Now, the JDBC API is also quite flexible. For example, that's a lot of packets and traffic and work, so in practice many DB JDBC drivers will either just send all the data at once, and resultset .close does nothing, or will at least send things in larger batches, and most .next() calls result in no DB traffic, except for every 100th call, or whatnot.

Thus, we have 2 major options here:

  1. The memory leak has nothing whatsoever to do with what you pasted; for example, you're writing your CSV data into an ever growing buffer and you're not streaming it to disk at all. Triple check this. Replace your giant SELECT with a LIMIT clause and add a giant for loop around it to simulate writing a ton of records without actually querying much from your JDBC loop. If that still runs out of memory, it's not your db layer.

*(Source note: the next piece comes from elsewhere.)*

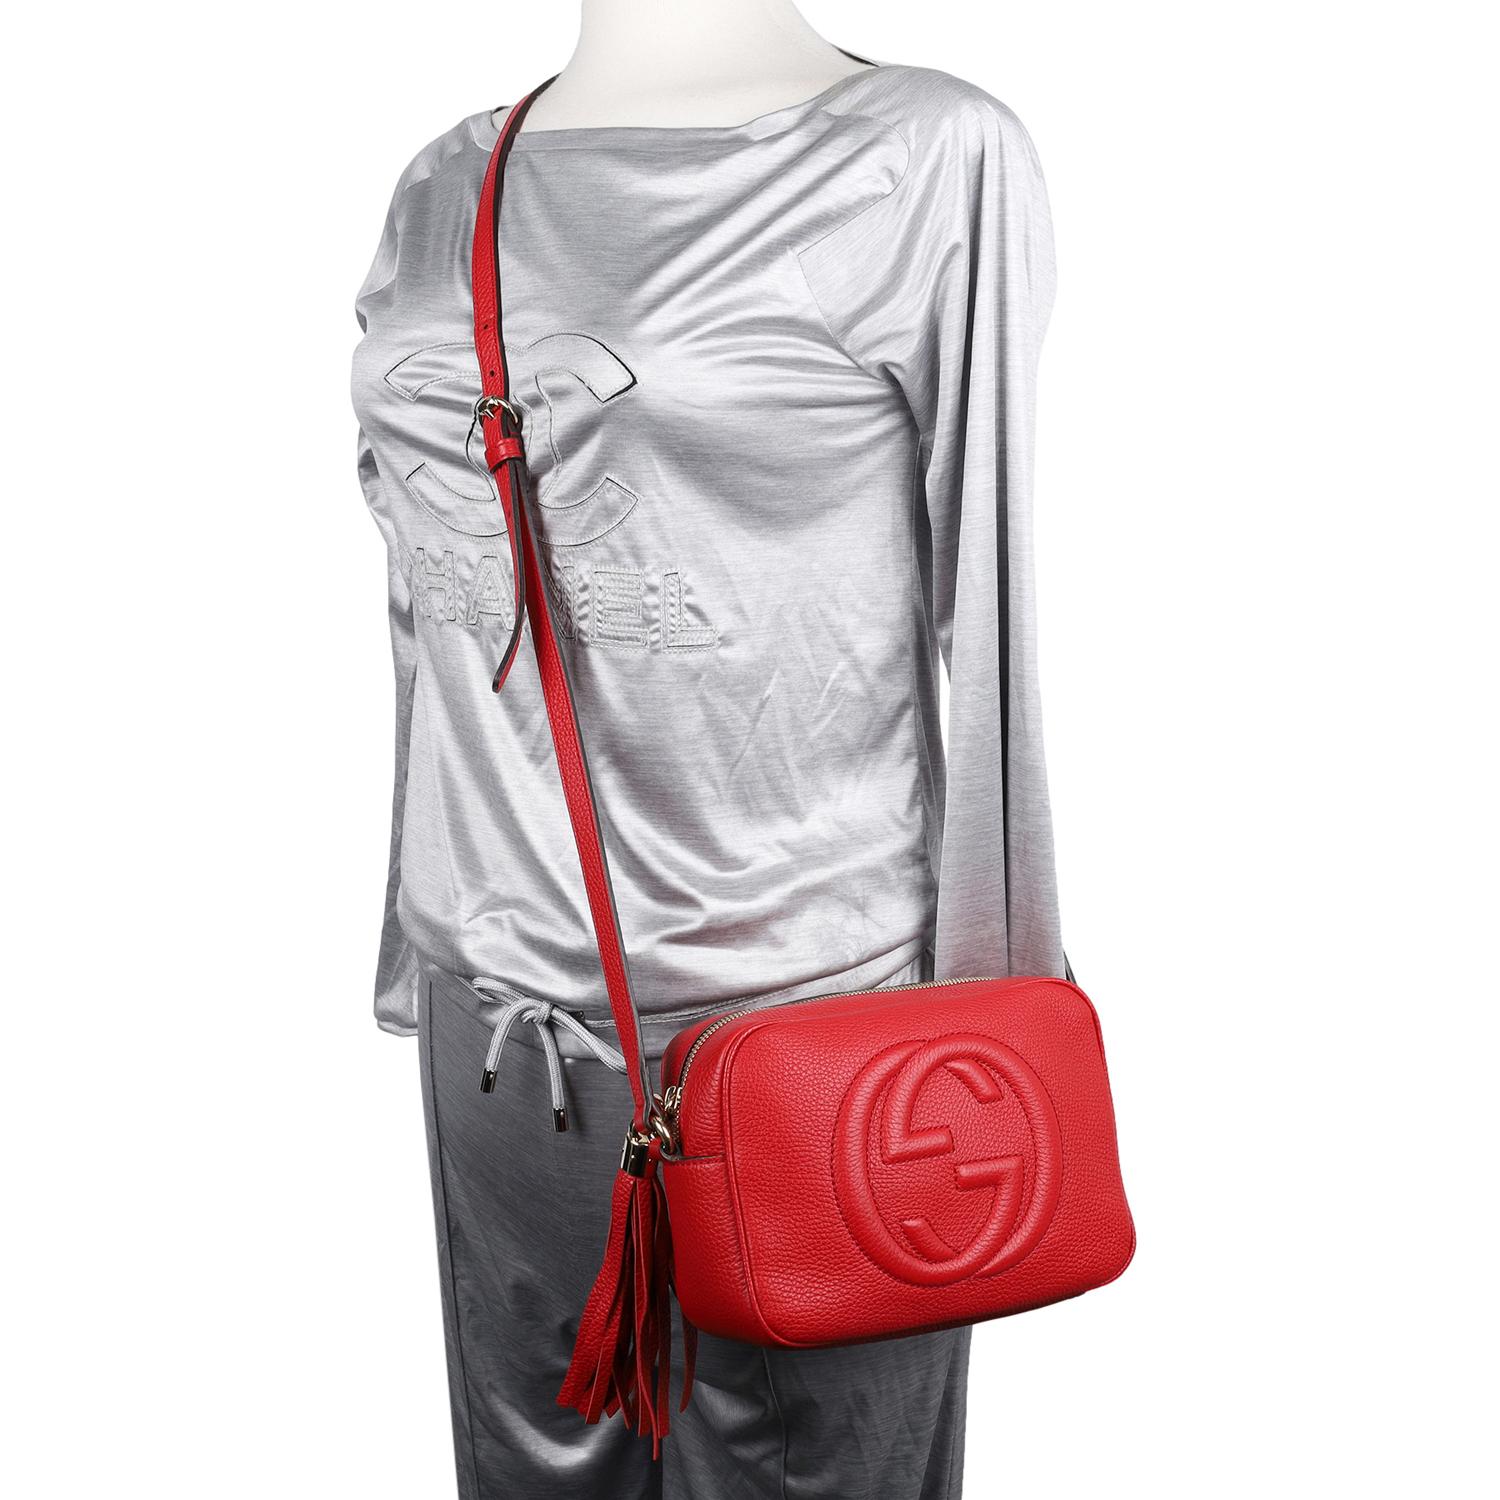 Authentische, gebrauchte Gucci GG Red Soho Disco Leder Crossbody Bag. Diese klassische Gucci Crossbody Bag aus rotem Leder ist die perfekte Tasche für jeden Tag. Mit GG Logo auf der Vorderseite, Reißverschluss oben mit Fransenlasche und geräumigem

  2. The JDBC driver is nevertheless implementing its ResultSet implementation with something that continually takes memory.

IF it is #2, then you have 2 solutions:

  1. Make the DB engine not do that. ResultSets have 'features', and you ask for which feature(s) you need as you make them. For example, you can tell the system you want the resultset to be so-called 'forward only'. The 3 properties that are the most likely to result in non-memory-chewing ResultSets are those initialized with resultSetType = FORWARD_ONLY, resultSetConcurrency = CONCUR_READ_ONLY, and resultSetHoldability = CLOSE_CURSORS_AT_COMMIT. I don't actually know how to tell jdbctemplate to do this, but it shouldn't be too difficult - jdbctemplate is calling java.sql.Connection's prepareStatement method - make sure it calls the one where you set all those properties to those values.

  2. If that doesn't work, work around it, using OFFSET/LIMIT (the syntax for this depends on your DB engine unfortunately) to fetch pages at a time. Of course, if the table is being edited while you are doing this, unless you have serializable transaction level set up, that's going to mess with your stuff, and you MUST add an ORDER BY clause of some sort or you don't get an actual guarantee results are returned in the same order (and without that, OFFSET/LIMIT paging isn't going to do what you want). That's a bit bizarre - what kind of exotic third rate badly written DB engine and/or JDBC driver are you using, if this is happening to you?

*) "But, I'm not using transactions!" - yes, you are, 'auto commit = true' is what is commonly known as 'no transactions', but that is not true; it's simply 1 transaction per SQL statement you send. The only truly 'no transactions' mode are things your DB explicitly says exist outside of transactions, not-actually-safe-DBs like MySQL with the MyISAM table type, which isn't really a DB in the first place, or intentionally lenient isolation levels.